The data:
========================================================================

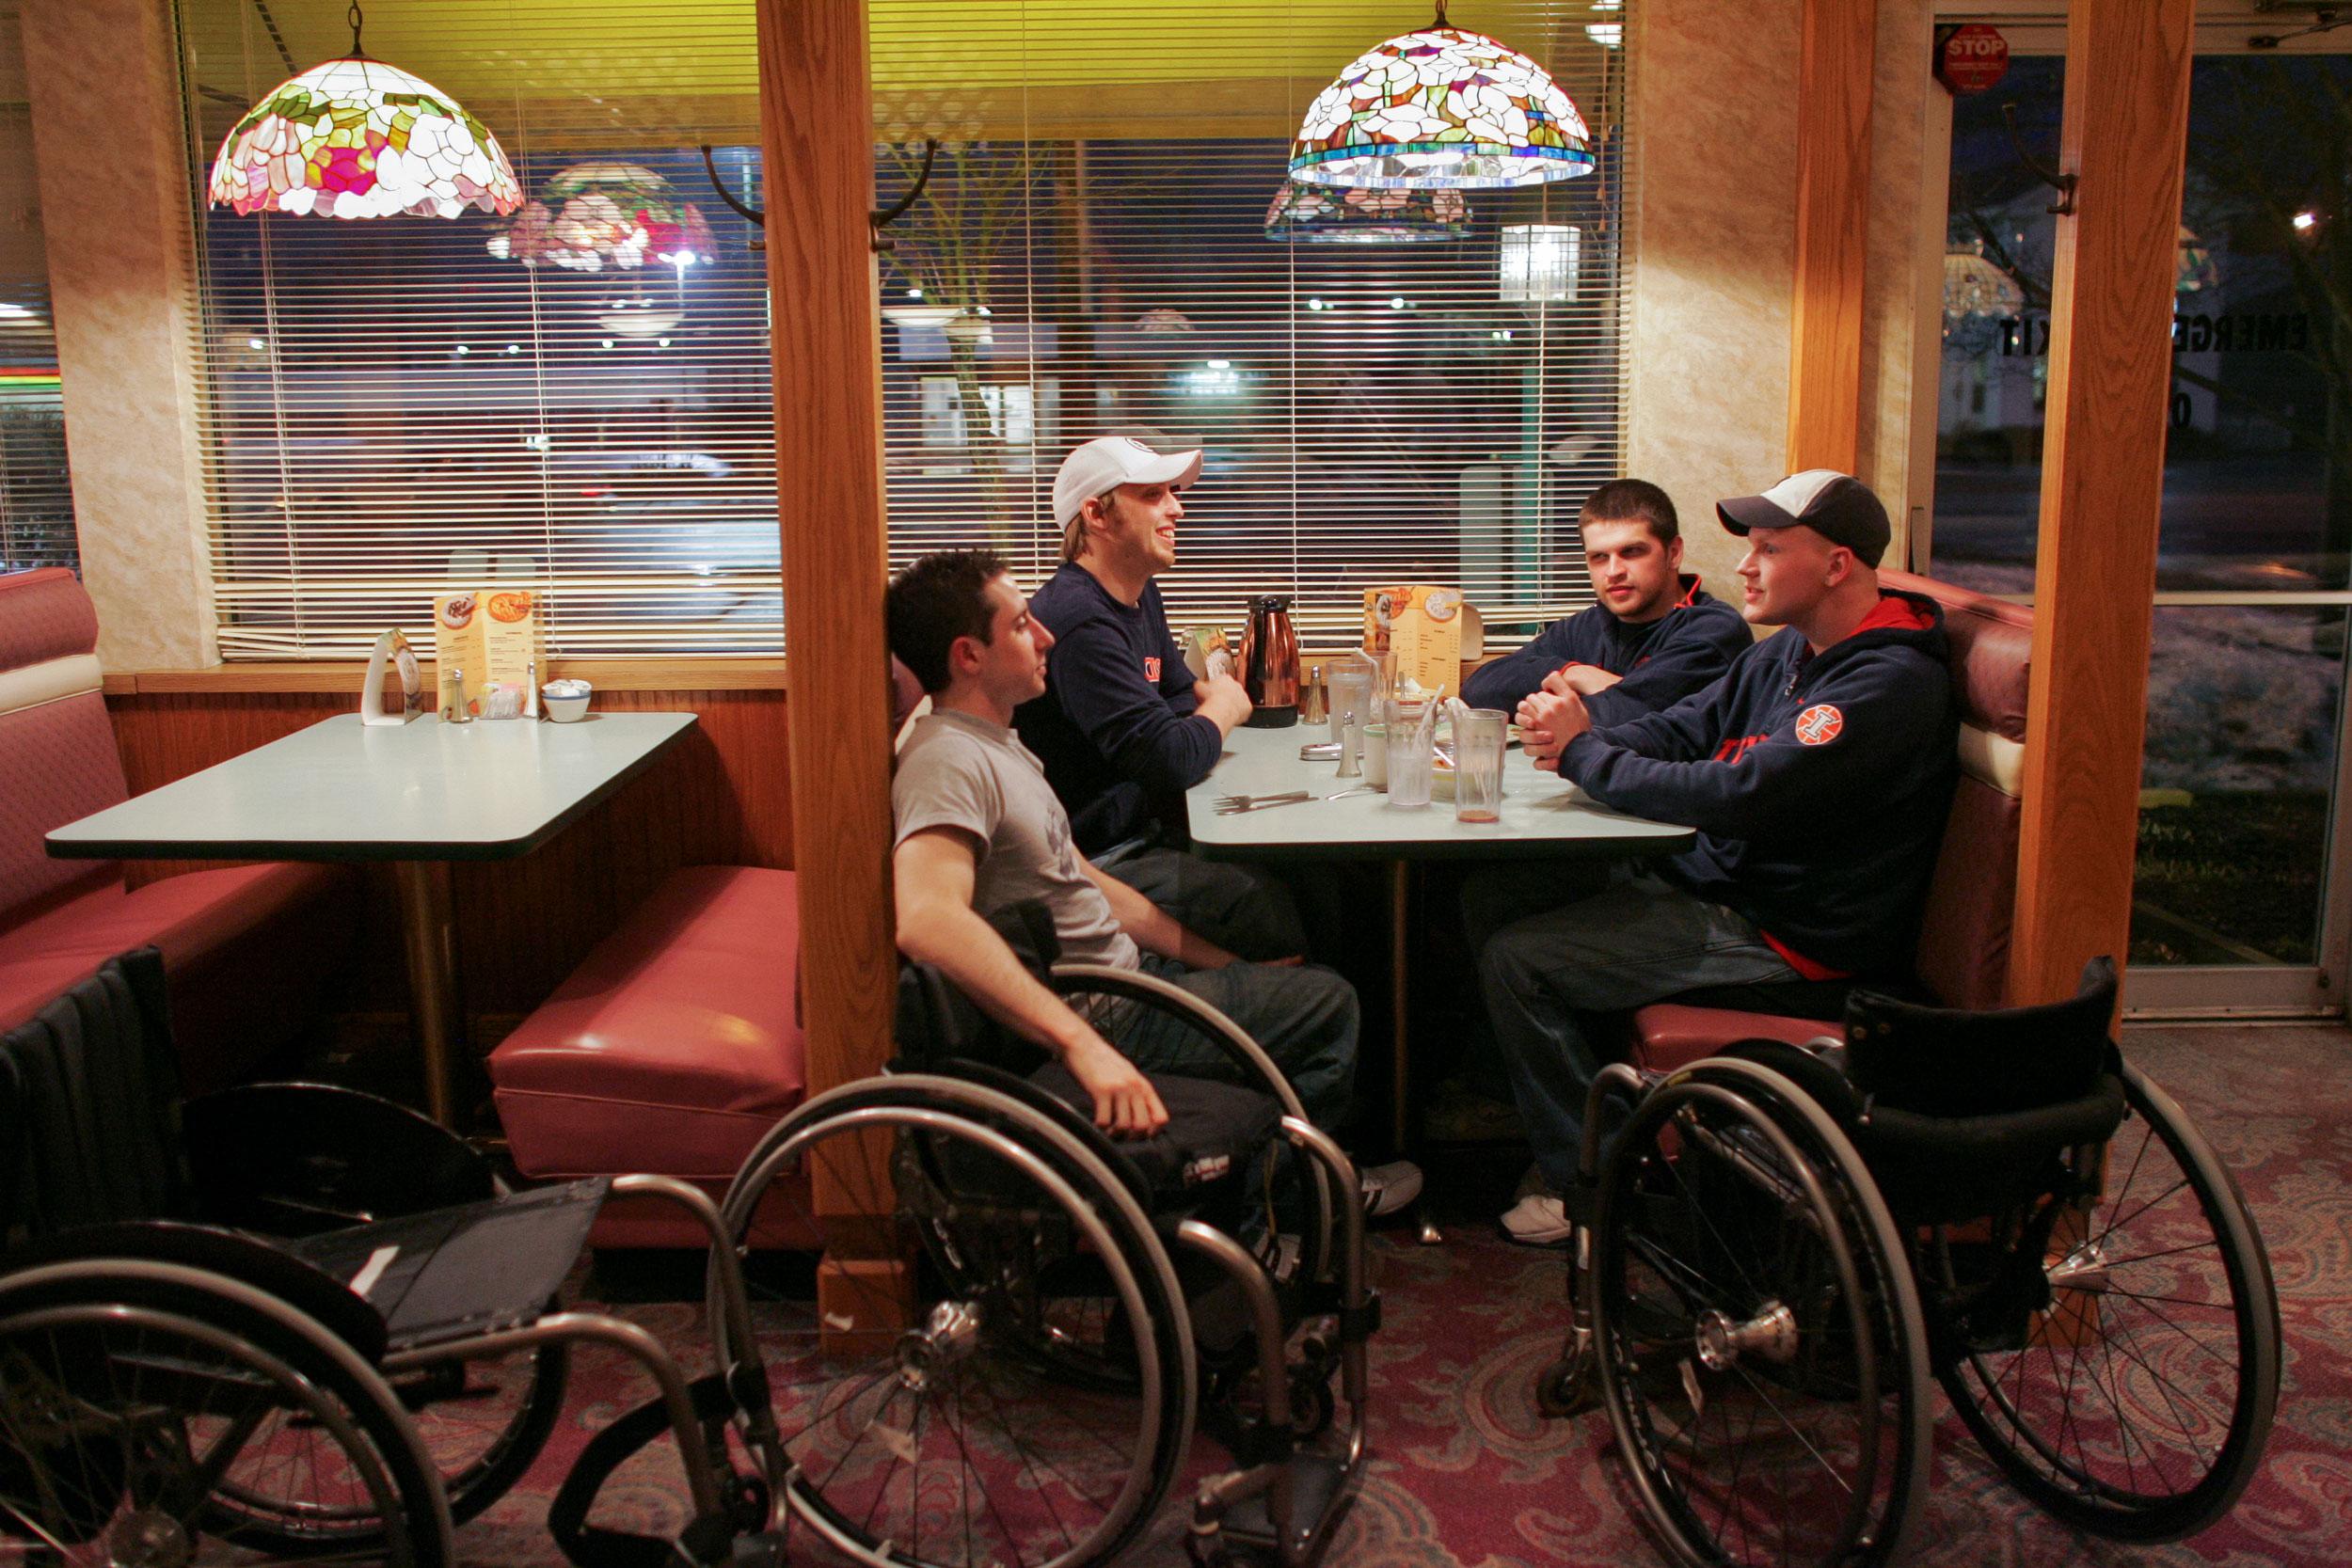 From left, Steve Serio, Brandon Wagner, Brian Sheehan, and Matt Buchi eat dinner together at Perkins Family Restaurant after an Edinboro University tournament.
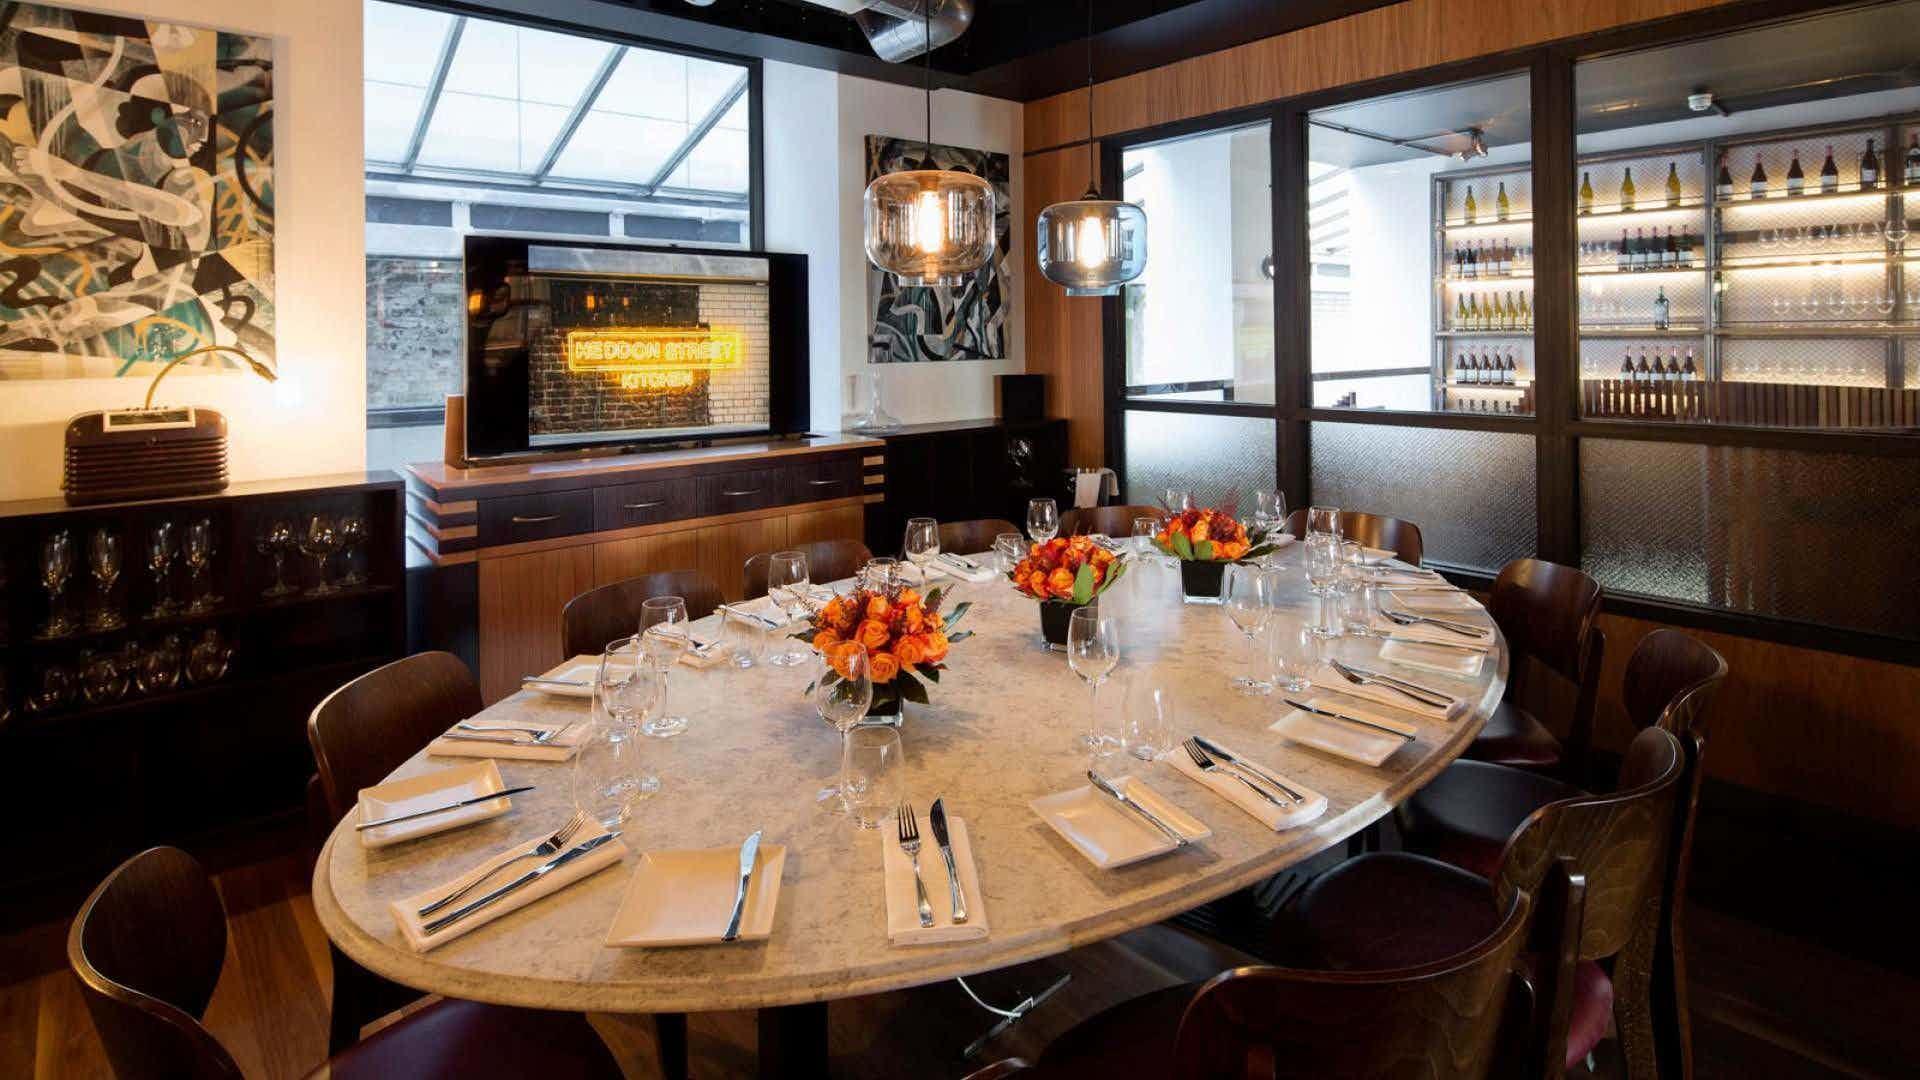 Private Dining Room, Heddon Street Kitchen
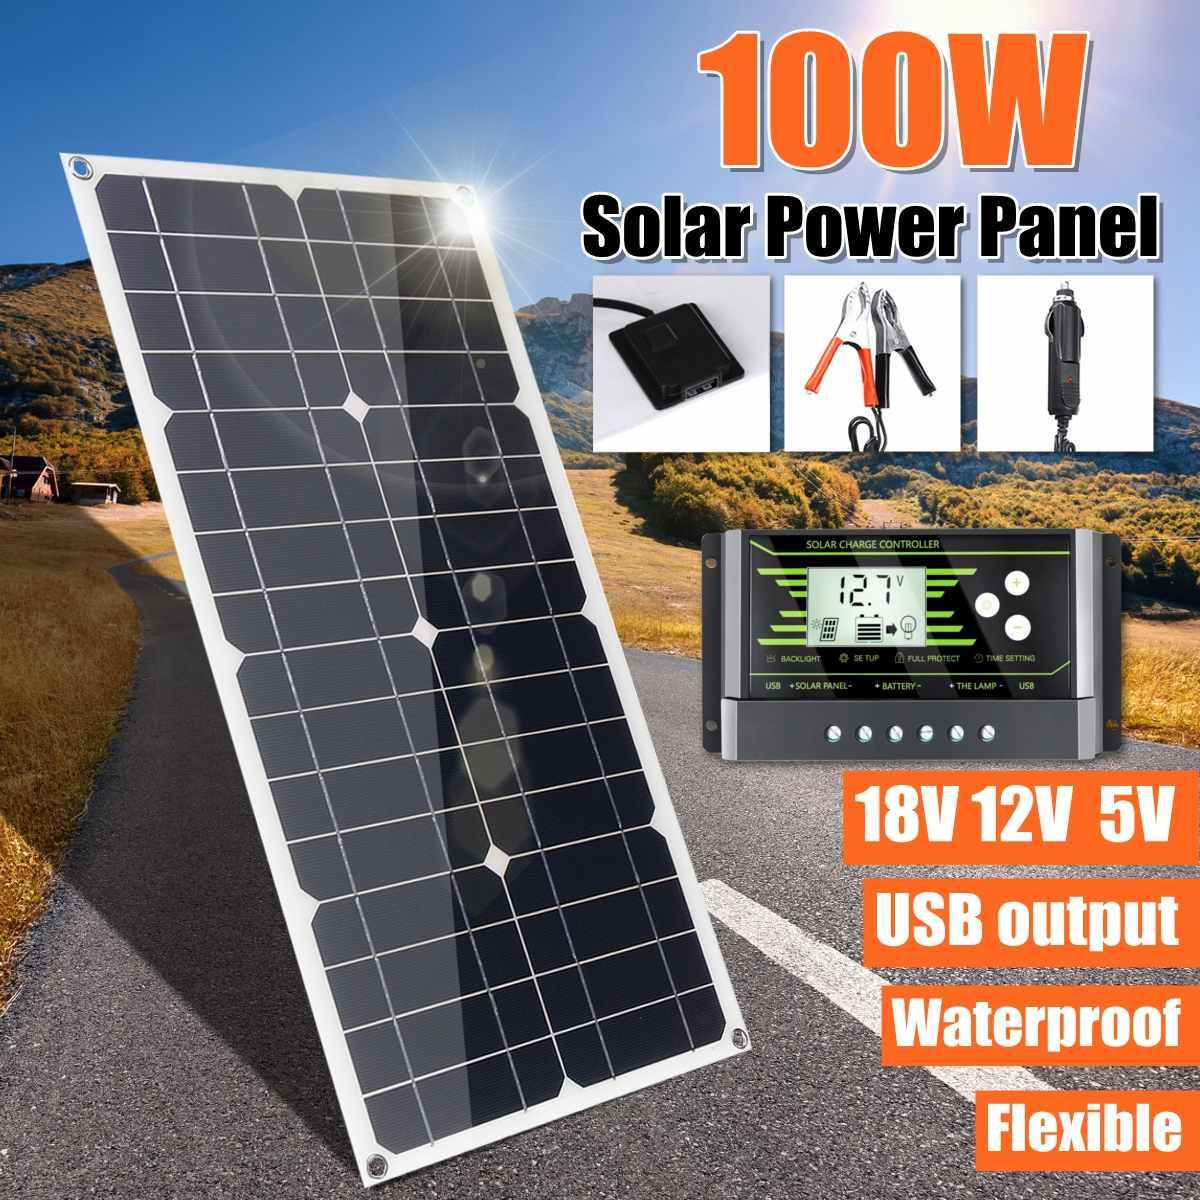 100W 18V Mono Solar Panel USB 12V/5V DC Monocrystalline Flexible Solar Charger For Car RV Boat Battery Charger Waterproof

========================================================================

Your assignment: Skipping the images, write out the whole listing exactly.

Task answer:
 From left, Steve Serio, Brandon Wagner, Brian Sheehan, and Matt Buchi eat dinner together at Perkins Family Restaurant after an Edinboro University tournament.
 Private Dining Room, Heddon Street Kitchen
 100W 18V Mono Solar Panel USB 12V/5V DC Monocrystalline Flexible Solar Charger For Car RV Boat Battery Charger Waterproof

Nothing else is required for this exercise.